There is one relevant case in which the maximum iteration point along the time dimension must be specified -- whenever save is unset, as in such a case the Operator wouldn't know for how many iterations to run.


In [11]:
v = TimeFunction(name='v', grid=grid)
op2 = Operator(Eq(v.forward, v + 1))
try:
    op2.apply()
except ValueError as e:
    print(e)


No value found for parameter time_M

In [12]:
#NBVAL_IGNORE_OUTPUT
summary = op2.apply(time_M=4)


Operator `Kernel` run in 0.00 s

In [13]:
v.data


Out[13]:
Data([[[4., 4., 4., 4.],
       [4., 4., 4., 4.],
       [4., 4., 4., 4.],
       [4., 4., 4., 4.]],

      [[5., 5., 5., 5.],
       [5., 5., 5., 5.],
       [5., 5., 5., 5.],
       [5., 5., 5., 5.]]], dtype=float32)

The summary variable can be inspected to retrieve performance metrics.


In [14]:
#NBVAL_IGNORE_OUTPUT
summary


Out[14]:
PerformanceSummary([('section0',
                     PerfEntry(time=3e-06, gflopss=0.0, gpointss=0.0, oi=0.0, ops=0, itershapes=[]))])

We observe that basically all entries except for the execution time are fixed at 0. This is because by default Devito avoids to compute performance metrics, to minimize the processing time before returning control to the user (in complex Operators, the processing time to retrieve, for instance, the operation count or the memory footprint could be significant). To compute all performance metrics, a user could either export the environment variable DEVITO_PROFILING to 'advanced' or change the profiling level programmatically before the Operator is constructed


In [15]:
#NBVAL_IGNORE_OUTPUT
from devito import configuration
configuration['profiling'] = 'advanced'

op = Operator(Eq(u.forward, u*u + 1.))
op.apply()


Operator `Kernel` run in 0.00 s
Out[15]:
PerformanceSummary([('section0',
                     PerfEntry(time=3e-06, gflopss=0.021333333333333333, gpointss=0.010666666666666666, oi=0.16666666666666666, ops=2, itershapes=[(2, 4, 4)]))])

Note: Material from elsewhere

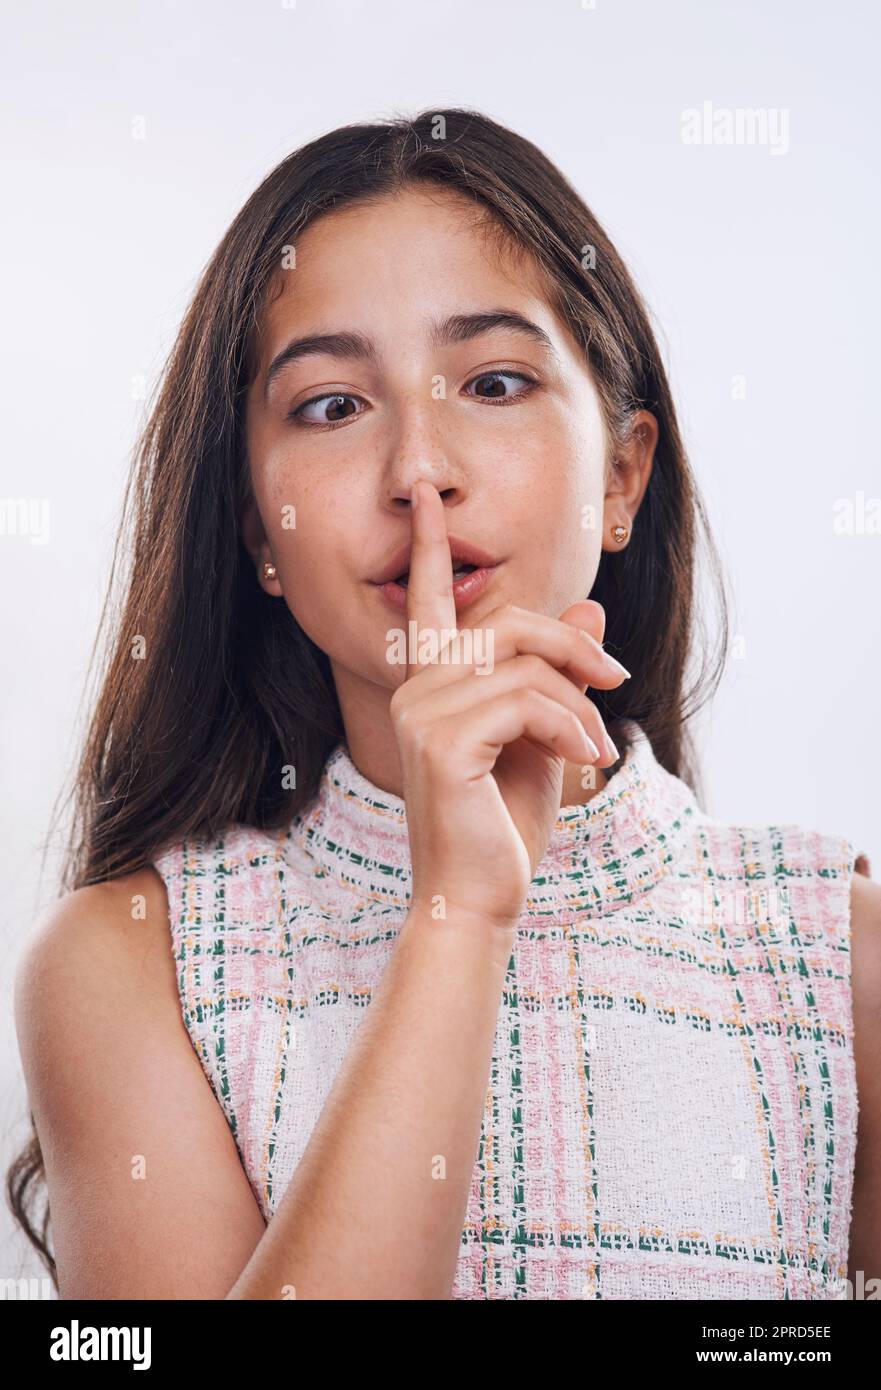 Sei du selbst. ein attraktives Teenager-Mädchen, das mit dem Finger auf den Lippen vor einem weißen Studiohintergrund steht. Stockfoto

A PerformanceSummary will contain as many entries as "sections" in the generated code. Currently, there is no way to automatically tie a compiler-generated section to the user-provided Eqs (in general, there can be more than one Eq in a section). The only option is to look at the generated code and search for bodies of code wrapped within C comments such as

/* Begin section0 */
<code>
/* End section0 \*/"

For example


In [16]:
# Uncomment me and search for /* Begin section0 */ ... /* End section0 */
# print(op)

In the PerformanceSummary, associated to section0 is a PerfEntry, whose entries represent:

  • time: The time, in seconds, to execute the section.
  • gflopss: Performance of the section in Gigaflops per second.
  • gpointss: Performance of the section in Gigapoints per second.
  • oi: Operational intensity.
  • ops: Floating point operations at each (innermost loop) iteration.
  • itershape: The shape of the iteration space.